# [EXERCISE AIM]
Each line below is to be copied exactly; images do not go into the copy.

# [DATA BLOCK]
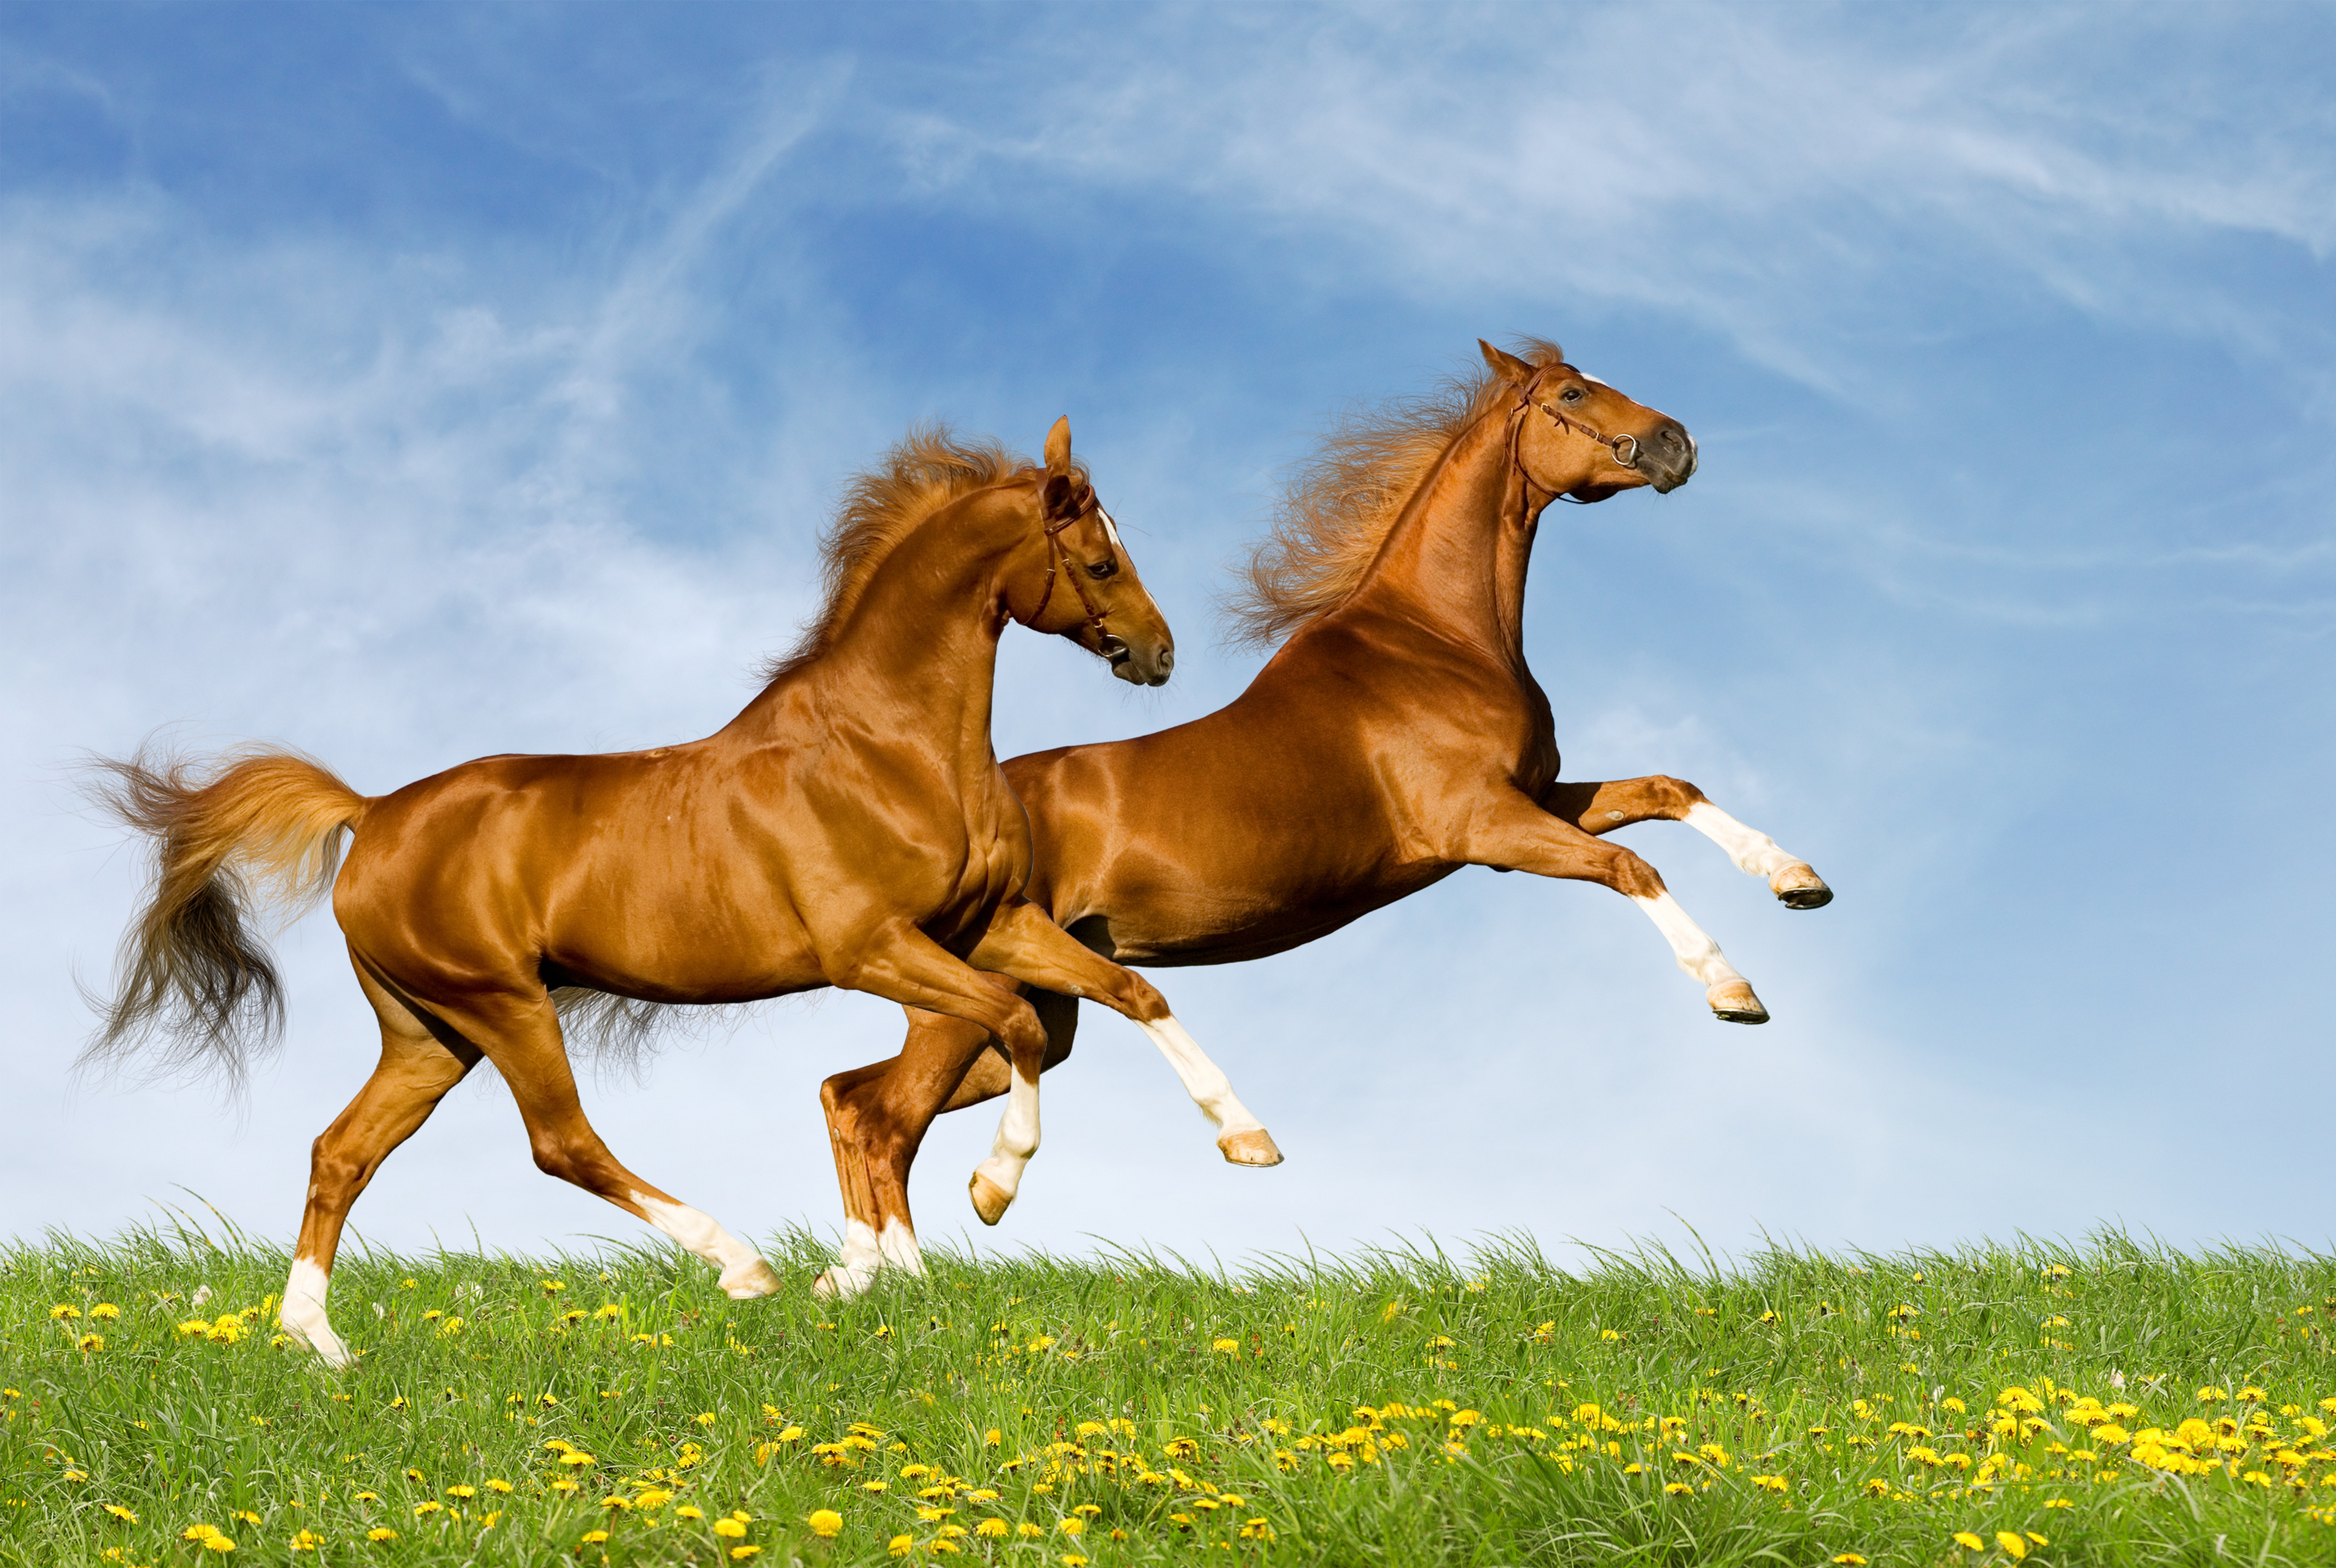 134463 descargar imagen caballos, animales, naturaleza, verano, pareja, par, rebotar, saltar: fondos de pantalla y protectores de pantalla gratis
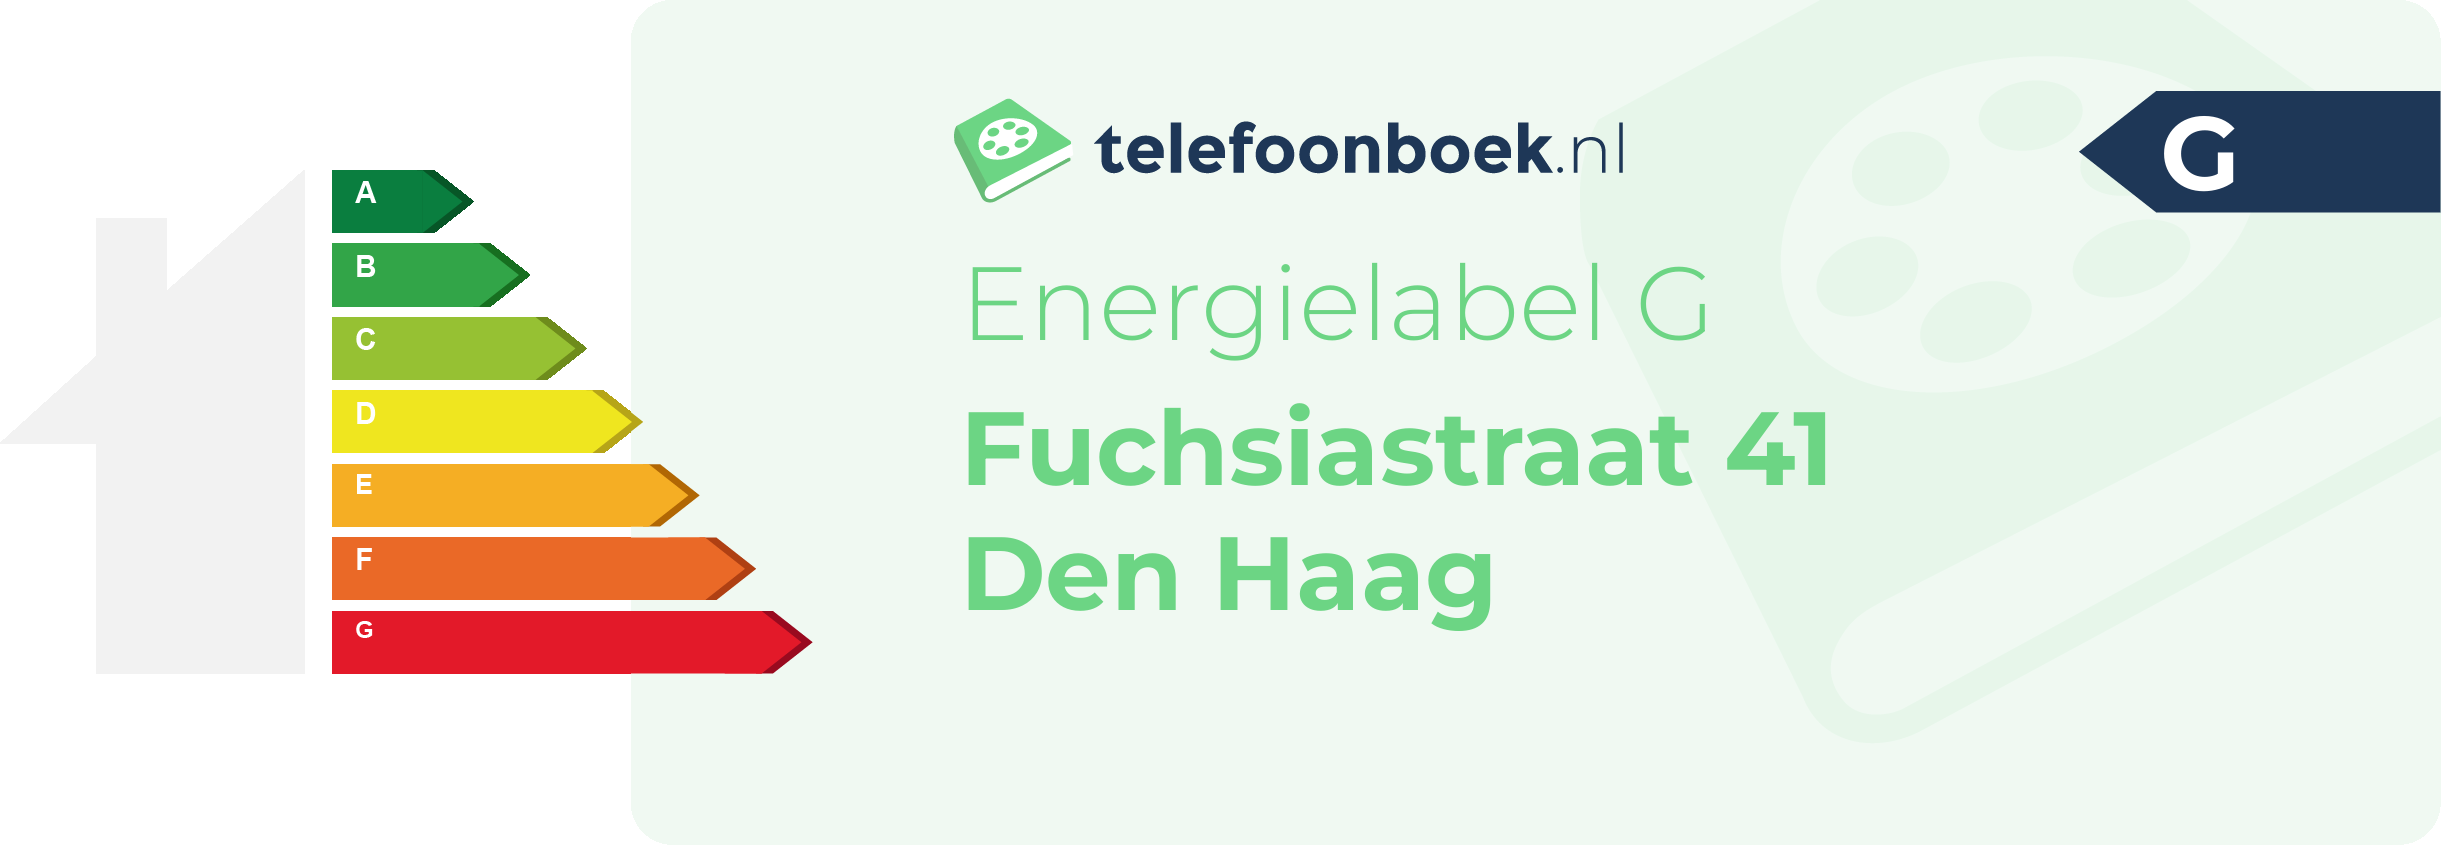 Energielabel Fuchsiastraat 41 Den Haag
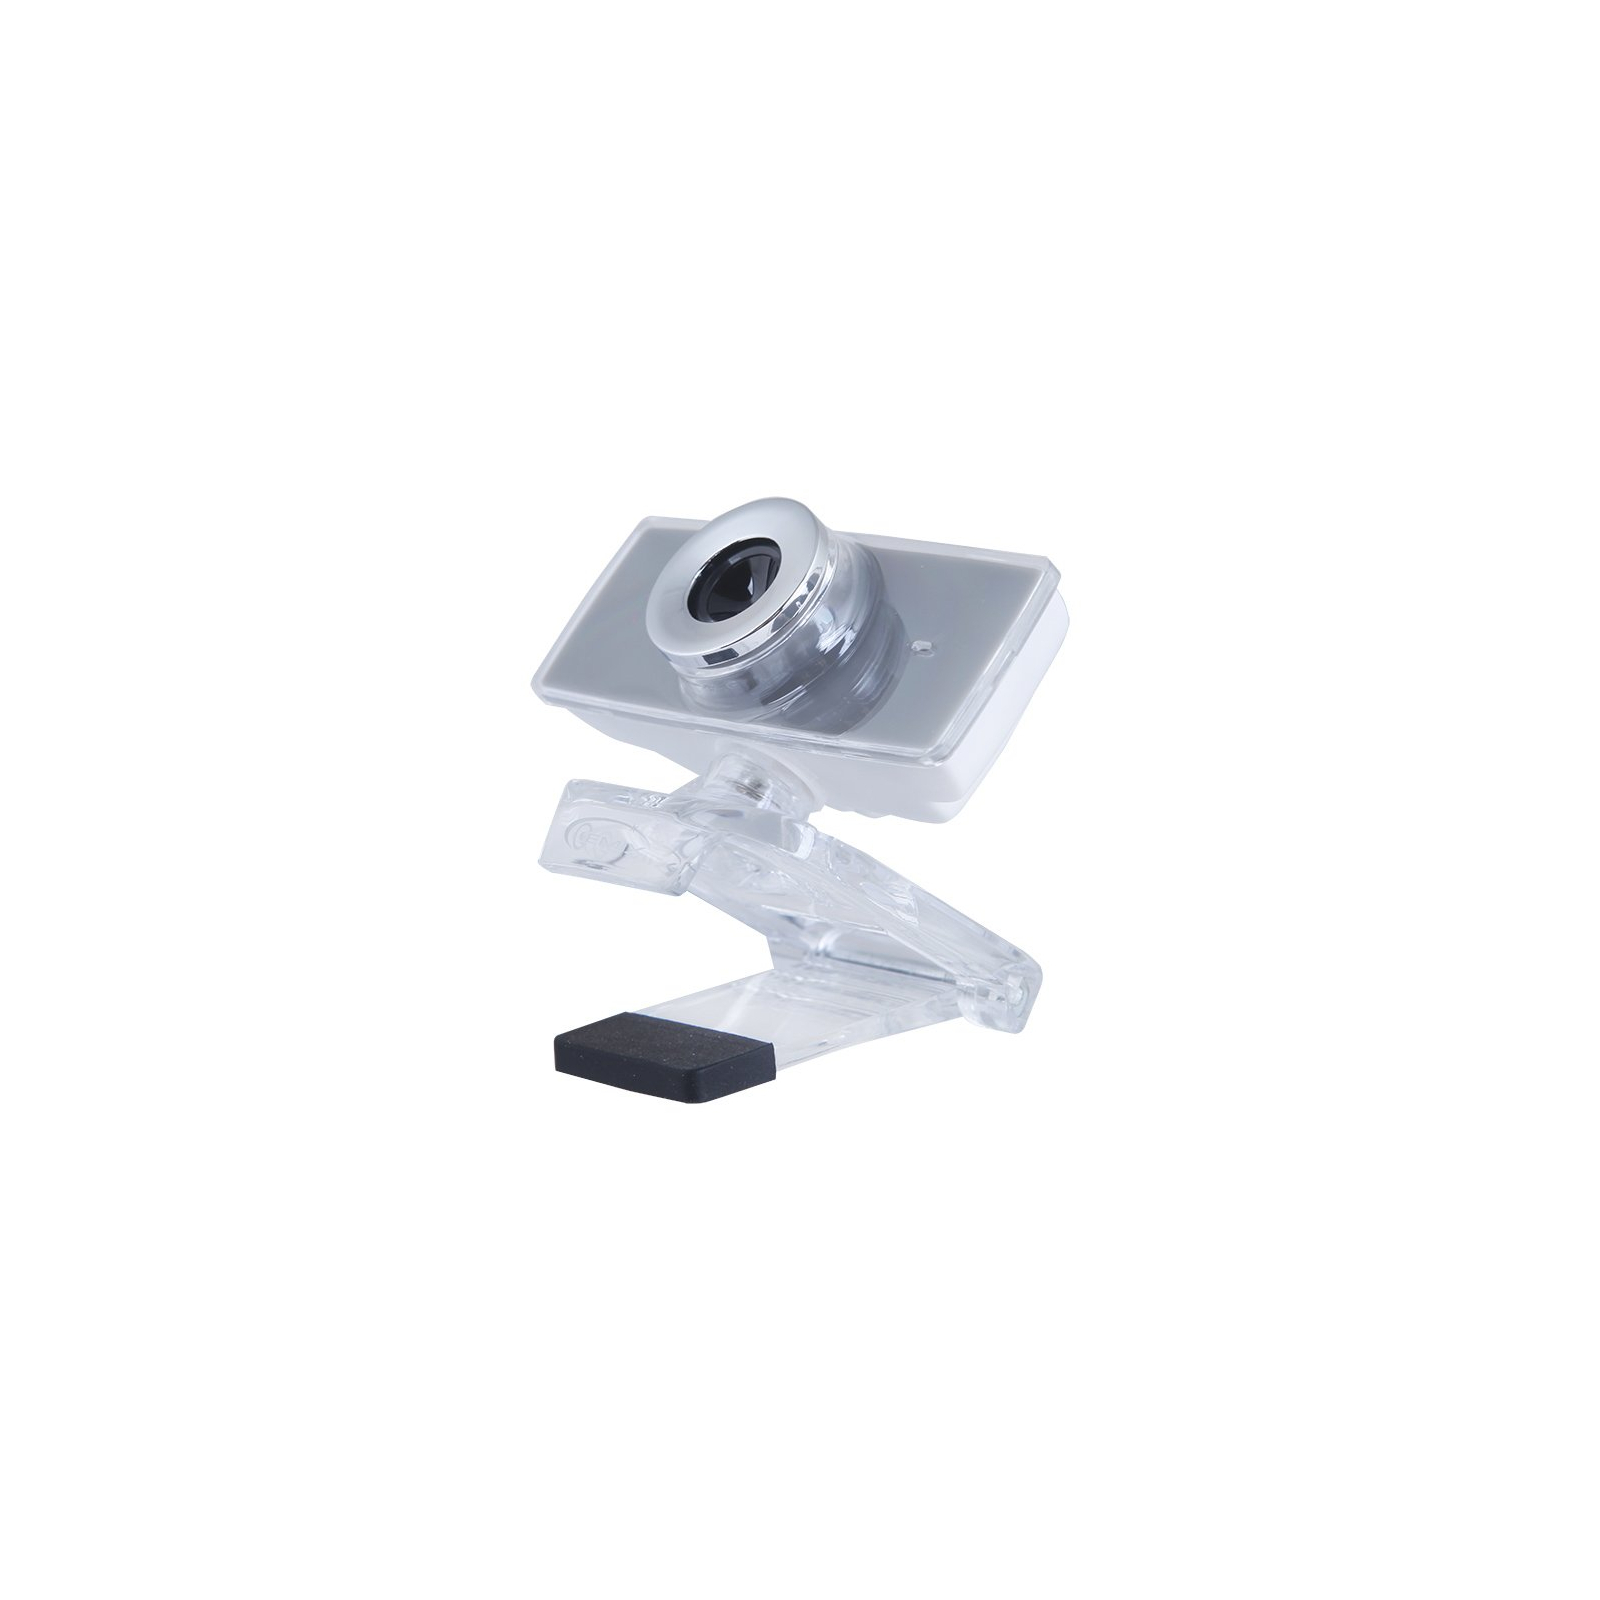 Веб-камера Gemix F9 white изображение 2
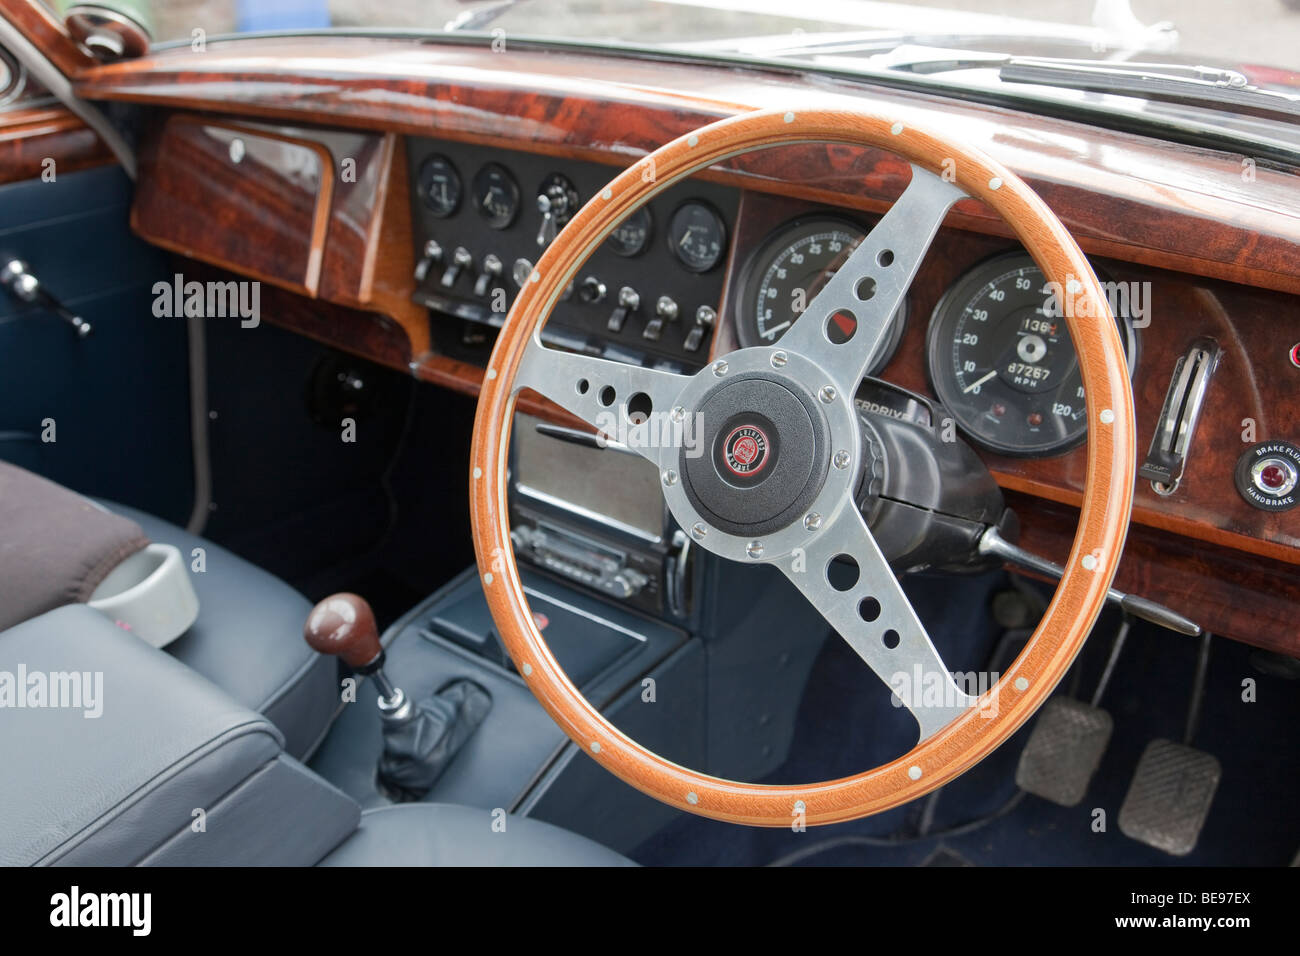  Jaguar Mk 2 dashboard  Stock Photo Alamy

# [SOLUTION]
 134463 descargar imagen caballos, animales, naturaleza, verano, pareja, par, rebotar, saltar: fondos de pantalla y protectores de pantalla gratis
 Energielabel Fuchsiastraat 41 Den Haag
 Веб-камера Gemix F9 white изображение 2
  Jaguar Mk 2 dashboard  Stock Photo Alamy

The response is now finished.